In retrospect, I became aware that through Willis Conover’s Voice-of-America and a variety of European-based radio broadcasts, exported US records and vibrant domestic recording labels in a host of European countries and the efforts of visiting or expatriate Jazz musicians, Jazz thrived in far-flung places like Great Britain, France, Sweden, The Netherlands, Italy, Argentina, Brazil, Chile and Japan.

And where it wasn’t allow to flourish openly, a serious Jazz underground following developed in central Europe and The Soviet Union.

Thanks to many generous urbane and cosmopolitan friends, then and now, my awareness of Jazz on the international scene has grown over the years much to my satisfaction and enjoyment.
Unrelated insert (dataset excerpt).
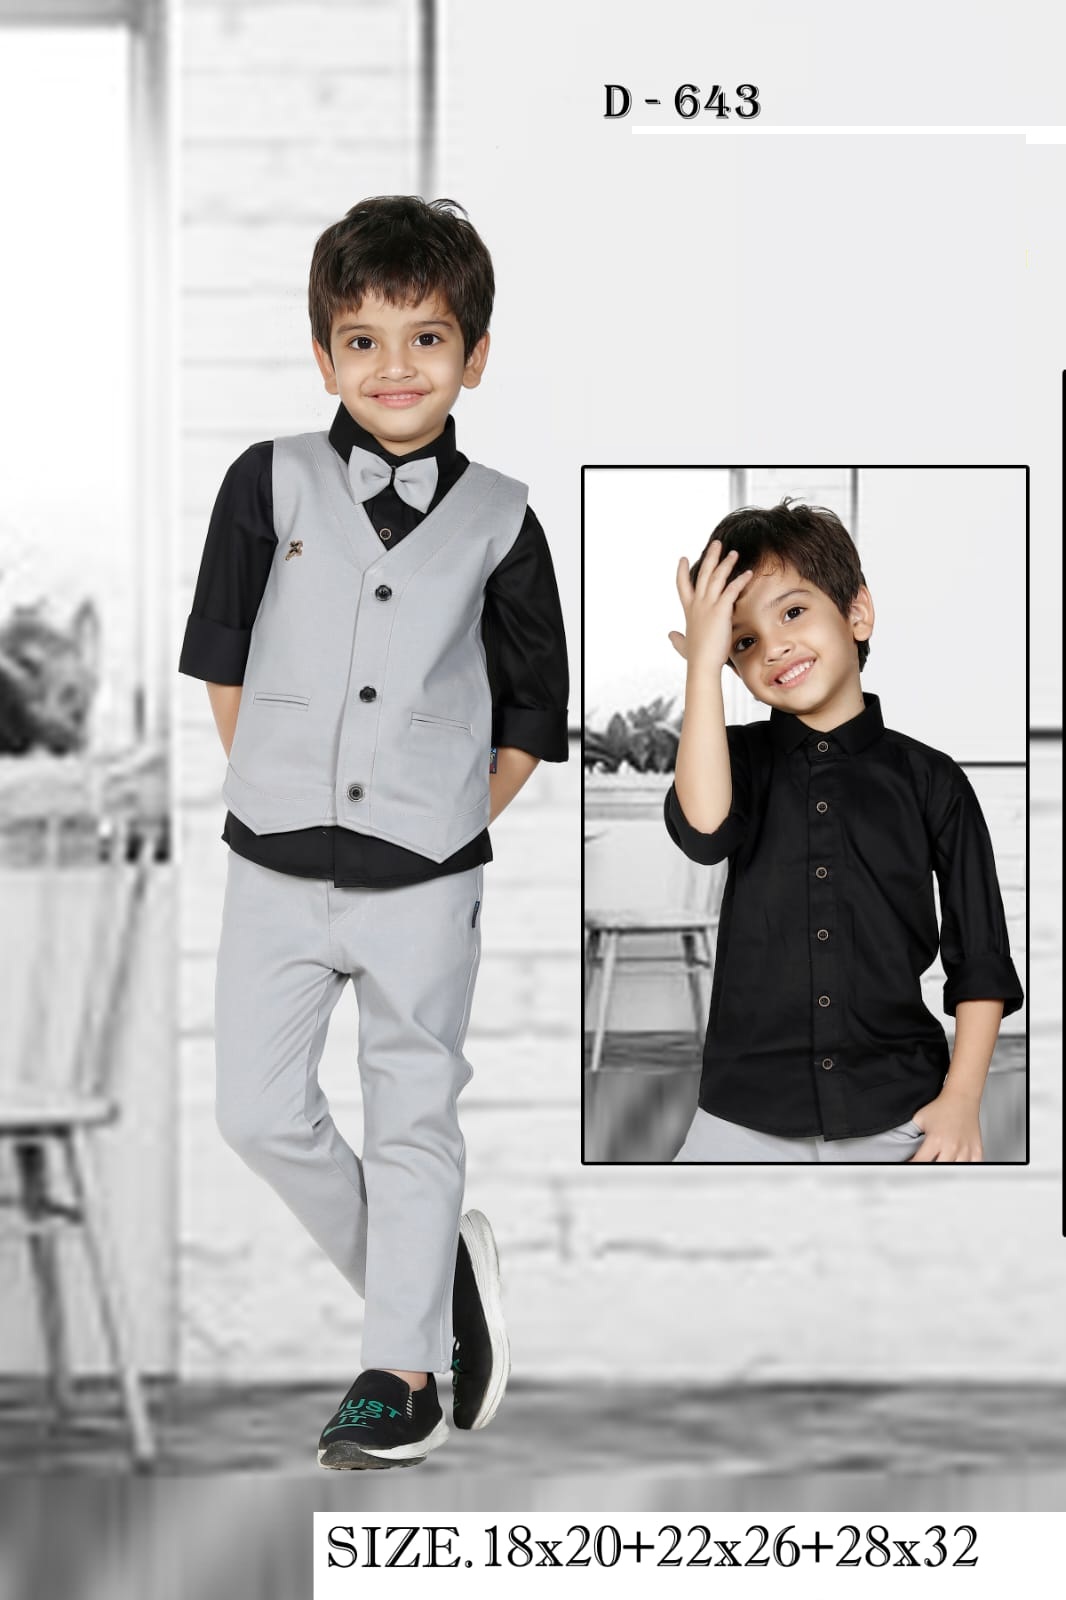 Aunavey Toddler Baby Boys Gentleman Formal Suit Shirt with Tie Pants Set  Baptism Christening Outfit - Walmart.com

My first exposure to Jazz abroad were a series of Jazz in Britain recordings that Lester Koenig released on Contemporary Records, a Hollywood, California based label whose “corporate offices” and “recording studios” were conveniently located about 10 miles from where I went to high school.

Lester’s “corporate offices” consisted of a small storefront near Paramount Movie Studios on Melrose Avenue and his “recording studio” was sometimes set up in the back room where he packed and shipped his LP’s.

Lester’s “British Jazz” LP’s were actually re-issues of recordings that had originally been produced for London-based labels such as Tempo and Jasmine. [Essentially, Lester was reversing the process and “importing” Jazz back into the United States!]

One of these was the late drummer-vibraphonist-pianist Victor Feldman’s Suite Sixteen [Contemporary C-3541;OJCCD-1768-2].  Issued in 1958, this LP was comprised of quartet, septet and big band recordings that Victor had made in England in 1955 before taking up residence in the USA the following year.

This album was my first introduction to Brits or, if you will, the “Lads,” in modern-day parlance, such as trumpeter Dizzy Reece, trombonist and bass trumpeter, Ken Wray alto saxophonist Derek Humble, tenor saxophonists Ronnie Scott and Tubby Hayes, bassist Lennie Bush and drummers Tony Crombie and Phil Seaman.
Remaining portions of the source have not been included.